Andreas Sielings originelle Programmzusammenstellung und seine hochwertige Spieltechnik wurde auch auf CD festgehalten und dort unter anderem mit einem Opus Klassik prämiert:
Andreas Sieling »Berlin! Orgelwerke von Berliner Komponisten«, mit Werken von Felix Mendelssohn, Otto Dienel, Franz Wagner, August Haupt und Philipp Rüfer, Super Audio CD, erschienen bei MDG.

Bei der gleichen Plattenfirma (Musikproduktion Dabringhaus und Grimm) ist soeben die neue CD von Kreuzorganist Holger Gehring und Panflötist Sebastian Pachel erschienen (beide haben wir im vergangenen Jahr im Konzert erlebt, unsere Rezension finden Sie hier: https://neuemusikalischeblaetter.com/2022/08/07/panflote-trifft-jehmlich-orgel/). Eine ausführliche Besprechung dieser Aufnahme folgt in Kürze.

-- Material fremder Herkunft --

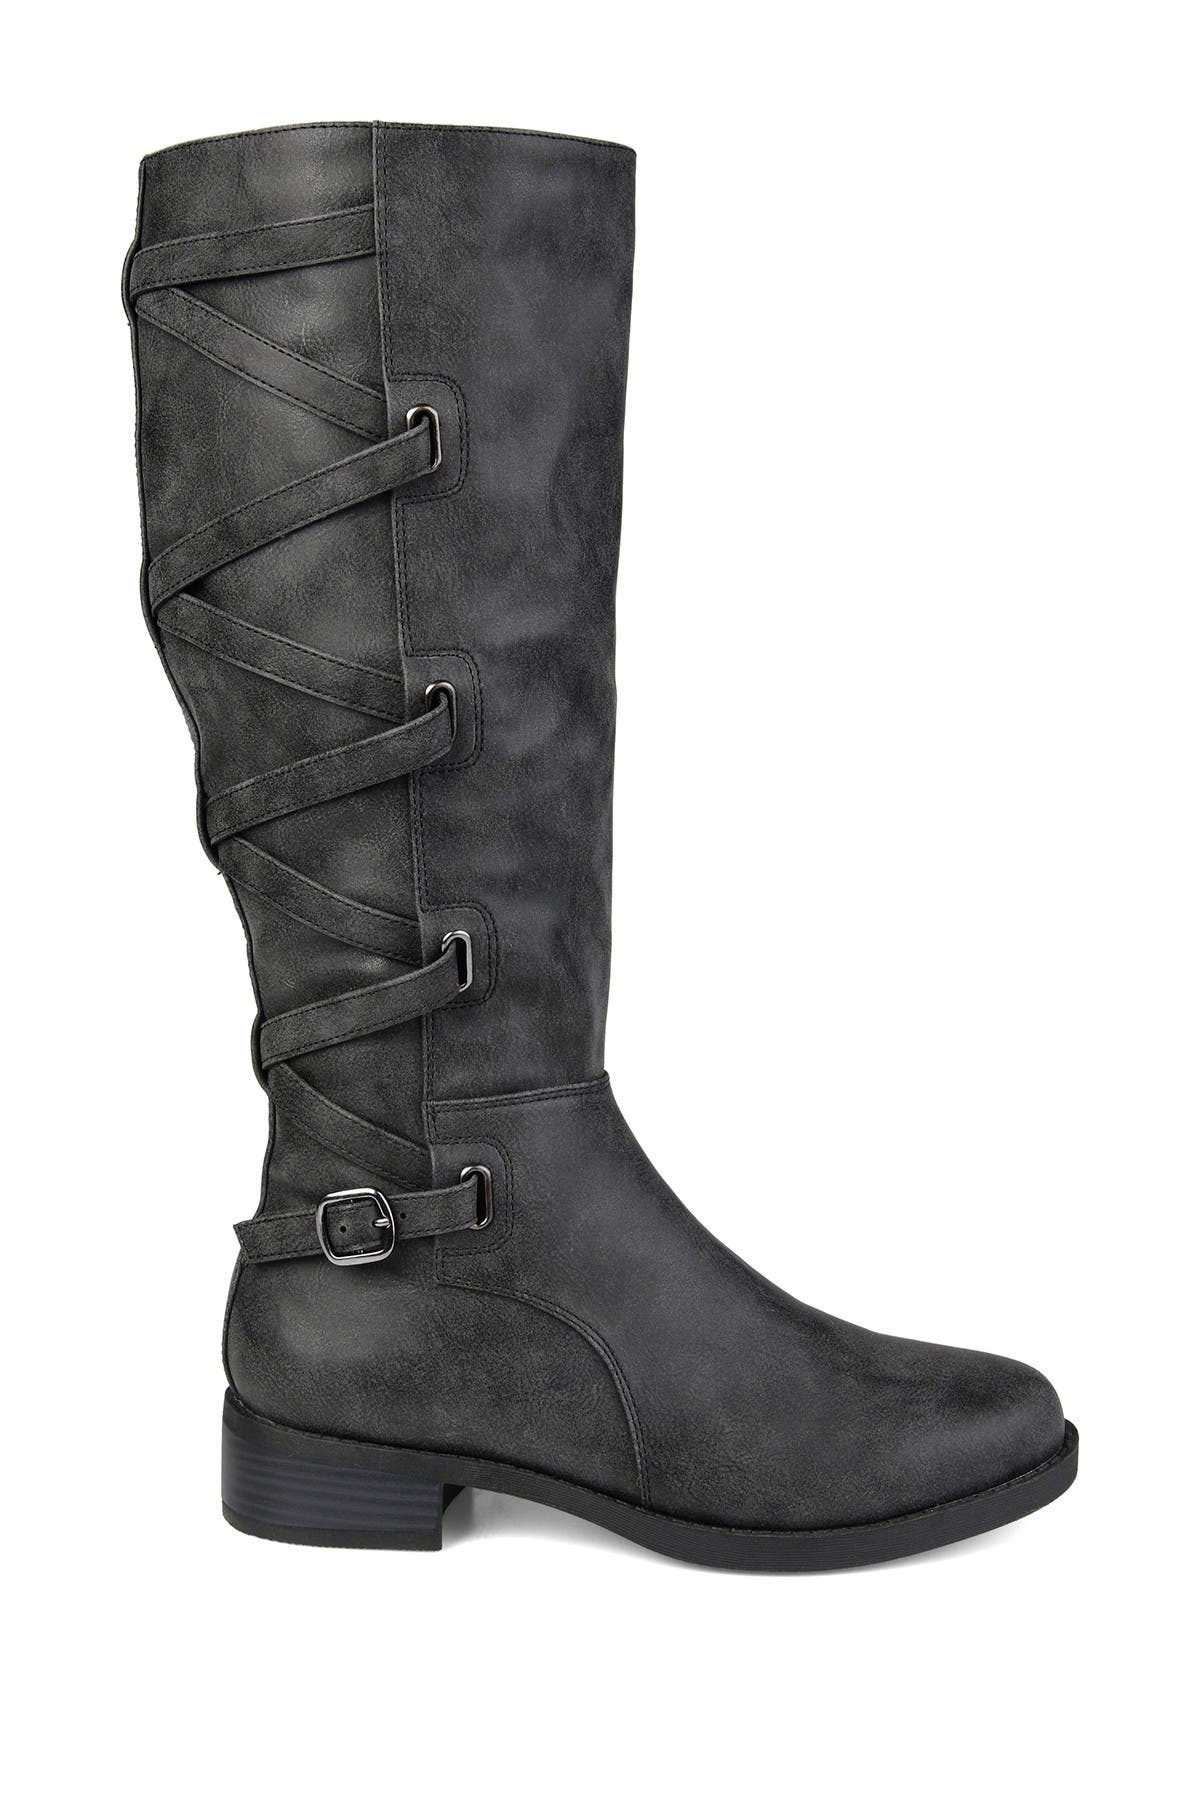 wide calf lace up back boots

Domorganist Andreas Sieling ist offenbar nicht nur technisch – auch in bezug auf die neuen Medien – versiert, sondern »von der schnellen Sorte«. Einen eigenen YouTube-Kanal finden Sie auf seiner Internetseite. Und die hat eine griffige Adresse (da mußte Andreas Sieling schnell »schalten«, um sich diese zu sichern!):
Im nächsten Konzert des Dresdner Orgelzyklus spielt Samuel Kummer am kommenden Mittwoch (10. Mai) in der Hofkirche (Kathedrale) Werke von Johann Sebastian Bach, Christian Heinrich Rinck und Wolfgang Amadé Mozart. Außerdem wird er improvisieren.